Хотя в этот-то раз по-другому вышло. Повезло ей. Петру показали пленного шведского офицера. Допросили при нем. И он, Петр, как видно было, немало хорошего для себя узнал, потому как развеселился, велел принести вина, выпил и шведа пленного попотчевал. К нему-то, к веселому Петру и подластилась Екатерина:
– Можно к тебе, мин херц?
– Можно, можно. Нынче все можно! Входи! Вчера, скажем, было нельзя, а сегодня – можно… Что у тебя, сказывай?
– За перстенечек хочу спасибо сказать…
– За какой перстенечек? А, этот…. Полюбился он тебе?
– Еще как полюбился…
– Ну и носи на радость…
– Я не могу так…
– Как «так»?
– Балуешь ты меня. А тебе… чем я тебе, Великому Государю сподобилась, всего только пасторская прачка и… и драгуниха?
– Ну… И ты меня щедро одариваешь…
– Вы все шутите, Ваше Величество! Радую я вас не часто. Я знаю. Но нынче добрую весть все же принесла. Будете рады.
– Да ну? И чему же?
– Я письмо получила.
– А от кого? От родичей твоих? Так они читать-писать, поди, не умеют… Или как?
– Не от родичей…
– А от кого?
– От сына Вашего…
– От… от кого? – чистосердечно изумился Петр.
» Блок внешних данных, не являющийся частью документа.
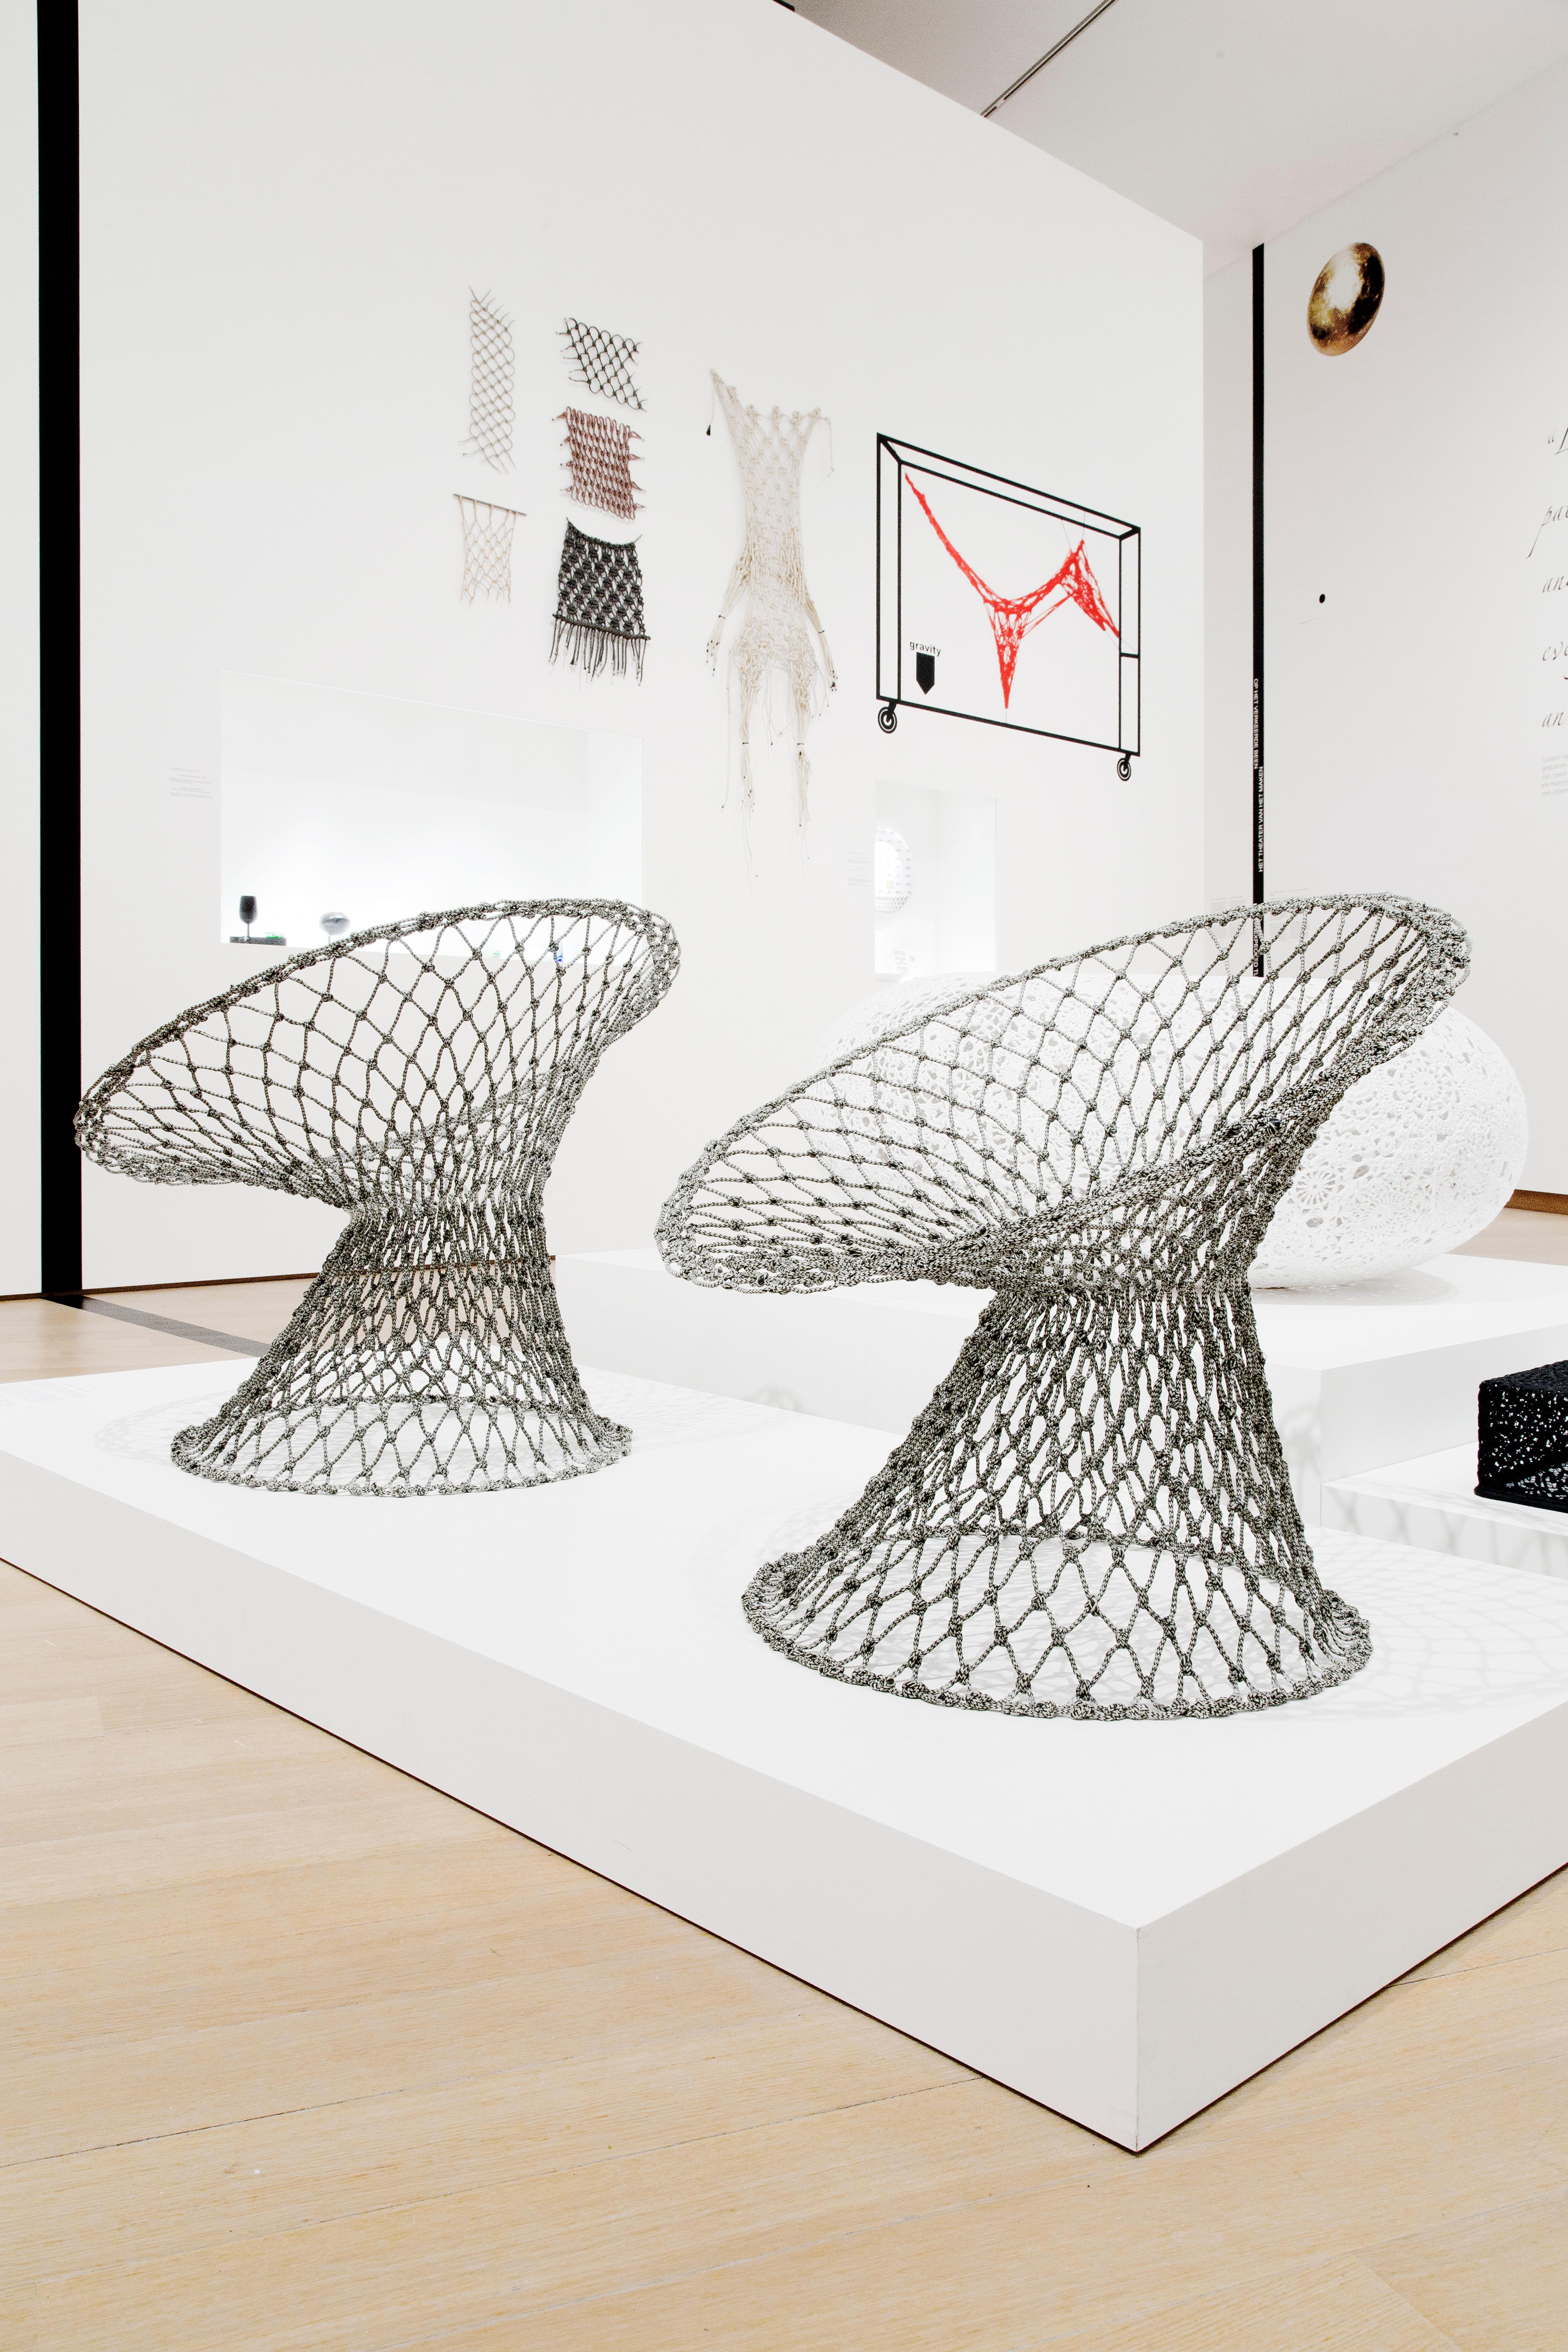 Dutch Fishnet Chair, by Marcel Wanders, Hand-Knotted Chair, 2001, Green For Sale
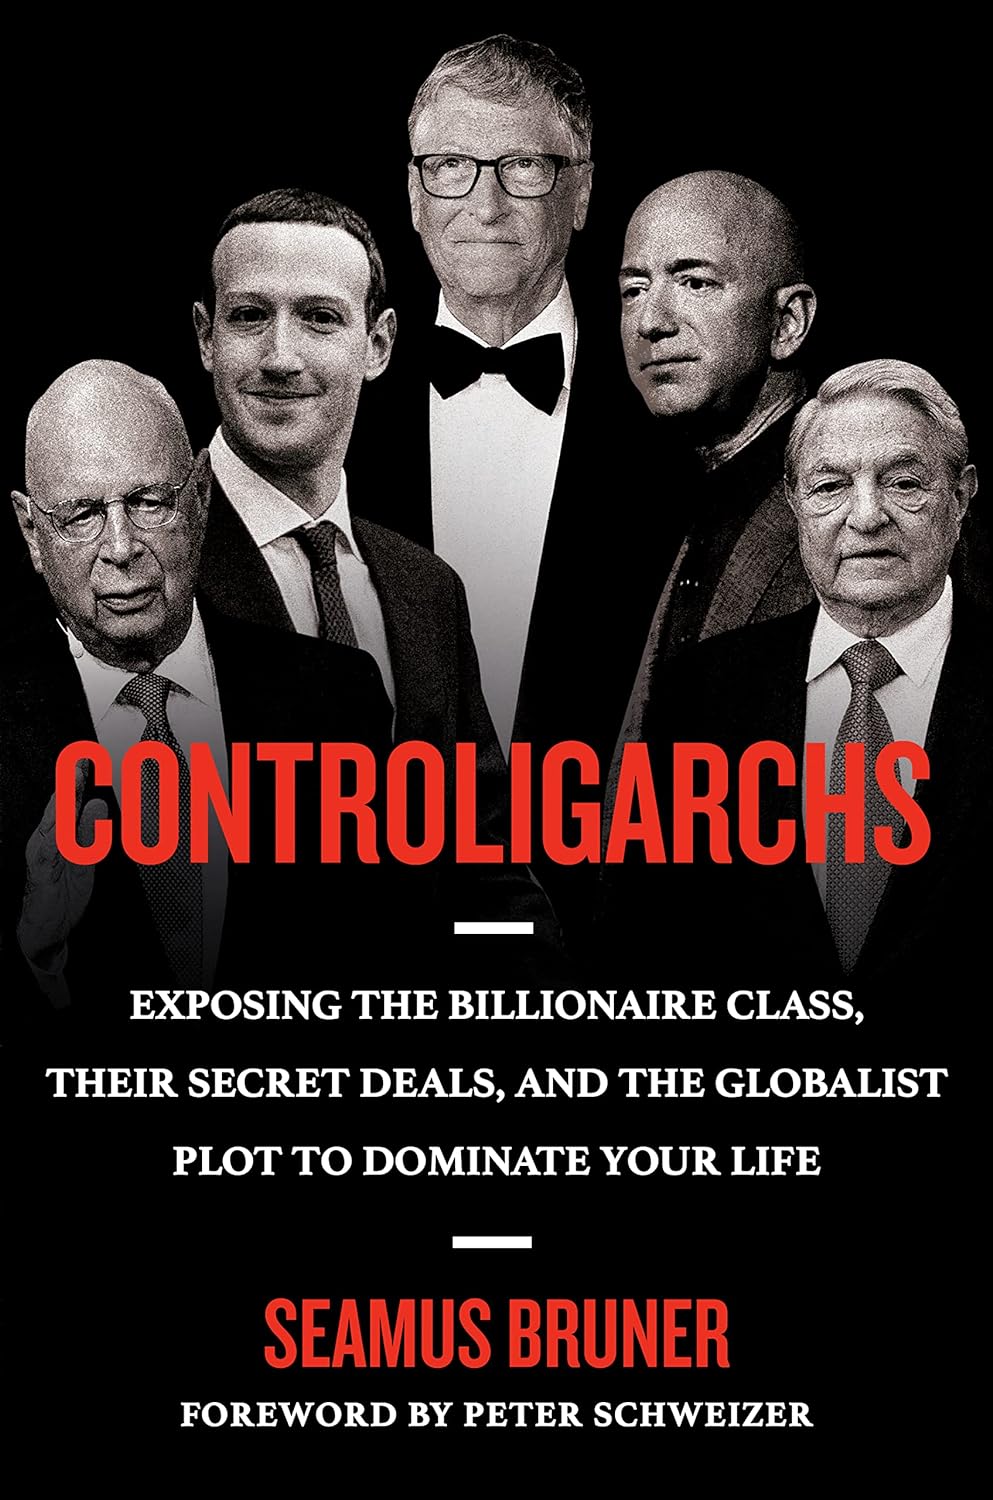 Controligarchs Exposing the Billionaire Class, Their Secret Deals, and the Globalist Plot to Dominate Your Life - SureShot Books Publishing LLC

– Вот Вы удивляетесь… А не надо бы. Он ведь мой крестный. Вот и написал… крестнице.
– И что написал?
– Вот. – И Екатерина протянула Петру листок.
Петр взял его, и, наклонившись к сильно горевшей свече, стал читать. Потом, наверное, еще раз прочел. Подумал. И сказал, вернее, спросил:
– Просит, значит, осведомиться?
– Вы на него гневаетесь?
– Еще бы!
– За что?
– Э, да что там говорить… Не такого я себе наследника желал бы…
– Чем он-то плох?
– Мамкин сыночек…
– Да ведь он, как есть, еще малый недоросль…
– Все одно плох…
– Время есть еще. Можно поправить.
– Как?
– Навали на него дел всяких-разных поболе.
– Уж наваливал.
– И как?
– Знаешь, ведь. Везти – везет, но без охоты рьяной.
– Мал еще. Слабенький. Ты сам и сказал – мамакин сыночек… А ведь мать-то его, я знаю – в монастыре.
– В монастыре. В Суздале. В Покровской обители. Уже одиннадцать лет там…
– А сколько Алексею было, когда ее постригли?
– Сколько? Пять, что ли. Не помню уже…
– А ведь он её помнит…
– Вестимо, помнит. А теперь, вот, будет помнить еще крепше. Его не так давно в Суздаль к ней возили, говорил я тебе?
– Говорил.
– Тайно от меня, отца. Оттого и гневаюсь на него, что не сказал.
– А он, я чаю, и не ведал, куда его везут.
– Не ведал. В дороге только сказали.
– Значитца, и вины на нем нету.
– Нету? А почему мне тотчас не отписал? А запирался отчего?